Wall Street recorded one of the best days of the year after the positive report on US inflation

Workers work on the floor of the New York Stock Exchange (Reuters/Andrew Kelly)

Wall Street rose on Wednesday after a report indicated Inflation slowed more than expected last monthsparking speculation that the Federal Reserve It may not be necessary to be as aggressive in raising interest rates as feared.

At the closing bell, the indicator Dow Jones Technology gained 1.63% Nasdaq Strong 2.89% and Standard & Poor’s 500 2.13 percent.

Stocks closed at their highest in three months. Tech stocks, cryptocurrency, and other investments that are among the biggest losers of the year due to sharp increases in Federal interest rates led the gains.. Treasury yields fell sharply on the back of inflation data as traders lowered their bets on how much the Federal Reserve will raise interest rates at its meeting next month.

Much of the slowdown in inflation in July was due toto lower gasoline and oil prices. But even after ignoring that and the volatility of food prices, the so-calledCore inflation“stayed Fixed Last month, rather than accelerating as economists expected.

The data encouraged traders to cut bets on how much the Federal Reserve will raise interest rates at its next meeting. And they now see a half-percentage-point rise as the most likely outcome, according to CME Group. The day before, they were betting on a more powerful rise in 0.75 percentage pointJust like the last two uploads.

These differences may not seem significant, But interest rates help determine the direction of prices in the financial markets. Higher rates tend to drive down the prices of everything from stocks to commodities to cryptocurrencies.

Bond prices rose immediately after the release of the inflation report, which lowered bond yields.
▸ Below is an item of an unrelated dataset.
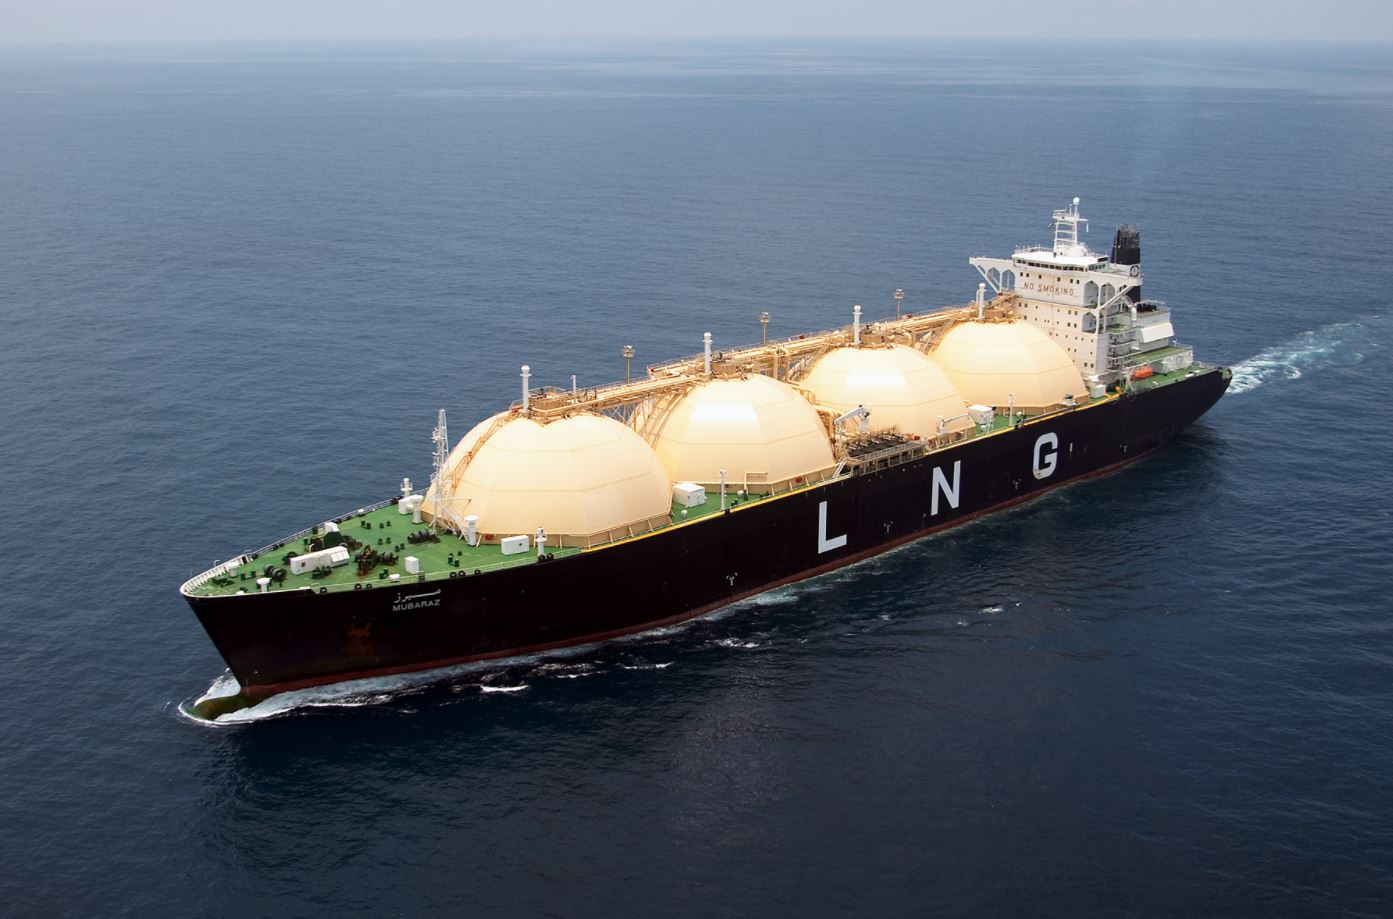 UAE's ADNOC inks LNG deals with Total and Vitol

And theThe two-year Treasury yield, which tends to follow the Fed’s expectations, fell to 3.14% from 3.27% on Tuesday.

10-year yield fell slowerto 2.76% from 2.78%, narrowing the gap to a two-year yield. Many investors consider this gap a fairly reliable sign of the upcoming recession.

Recession fears have grown as 40-year high inflation puts pressure on households and businesses around the world. The Federal Reserve and other central banks have raised interest rates to slow the economy in hopes of curbing inflation, but they risk stifling it if they act too aggressively.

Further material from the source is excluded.